14 Doak Fascism Seen and Unseen This article appeared in a collection dealing with “the culture of Japanese fascism?” Most authors were American. (See the review article by Roger Brown in the handouts archive.) –What alternative aspects of fascism might be emphasized? –Among postwar intellectuals and scholars, who would be attracted to studies of the culture of fascism? Why? –Who, on the ground in Japan in the 1930s, would be attracted by the cultural aspects of fascism? –What appeal did fascism other than culture? What would attract a skilled worker to fascism? What would attract a bureaucrat to fascism? What would attract an academic economist to fascism?

15 Kasza Facism from Below? What ideological and political divisions are associated with the after the fact labeling of Japan in the 1930s-1940s as “fascist?” Stanley Payne has postulated three key features of “fascist movements.” How do these apply to the Japanese case? –Anti-liberalism –Anti-communism –Anti-conservatism

16 Kasza Facism from Below? In addition to fascism Payne postulated that –The conservative authoritarian right –The radical right Were major political tendencies in the Interwar period. How does these tendencies differ? Are they applicable to Japan?

17 Kasza Facism from Below? Does Kasza use primary or secondary sources to reach his conclusions about “fascism from below” in Japan? Did Japanese rightist groups in the 1930s have a strong nationalist socialist coloring? Who were the advocates of national socialism (of the type associated with fascism in Europe) in 1930s Japan?

18 Kasza Facism from Below? What do the terms “idealistic” 観念的 and “progressive” 進歩的 mean in the context of the “Japanist” movement? What role does violence play in “fascism?” –Who glorified violence in 1930s Japan? –Who engaged in violence in 1930s Japan? –Was violence associated with mass organization in Japan? In Europe?

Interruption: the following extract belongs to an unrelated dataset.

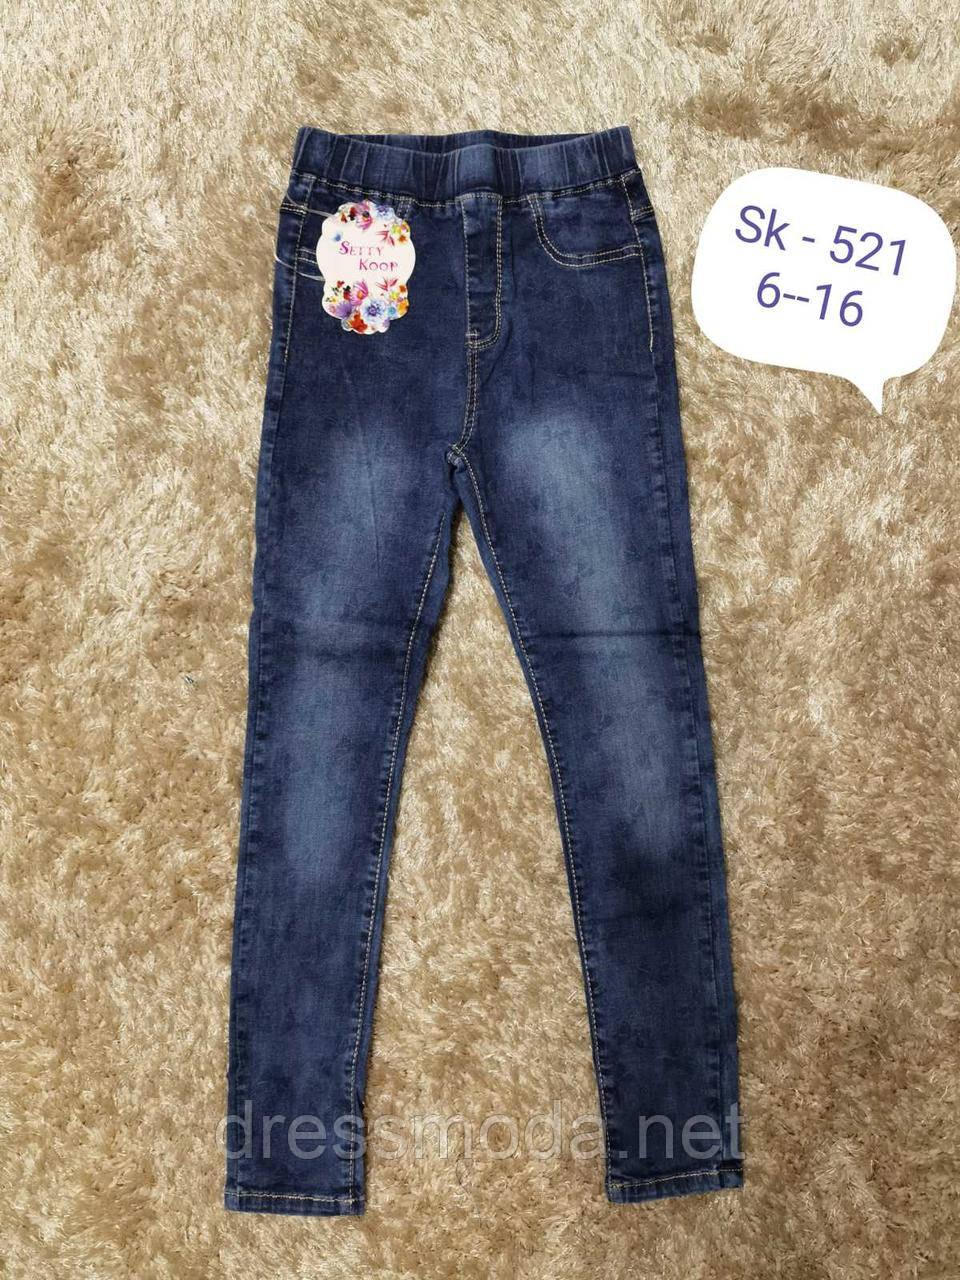 Джинсовые брюки для девочек Setty Koop 6-16лет

19 Kasza Facism from Below? Who was Nakano Seigo? What is his connection to Waseda University? What was the political style of his Eastern Way Society ( 東方会 )? How successful was this movement? What was his connection to European fascism?

20 Kasza Facism from Below? The term imperial fascism 天皇制ファシズ ム implies an organic link between the imperial and Japanese “fascism.” Others would argue that the presence of the Emperor in the particular form of the imperial institution in the 1930s precluded the possibility of fascism in Japan. Explain these contrasting views.

21 Kasza Facism from Below? Kasza writes of “the sparse emulation of European models” in Japan. –What elements associated with European fascism were Emulated in Japan? Not emulated in Japan? –Who were the advocates of explicitly European fascist models in Japan?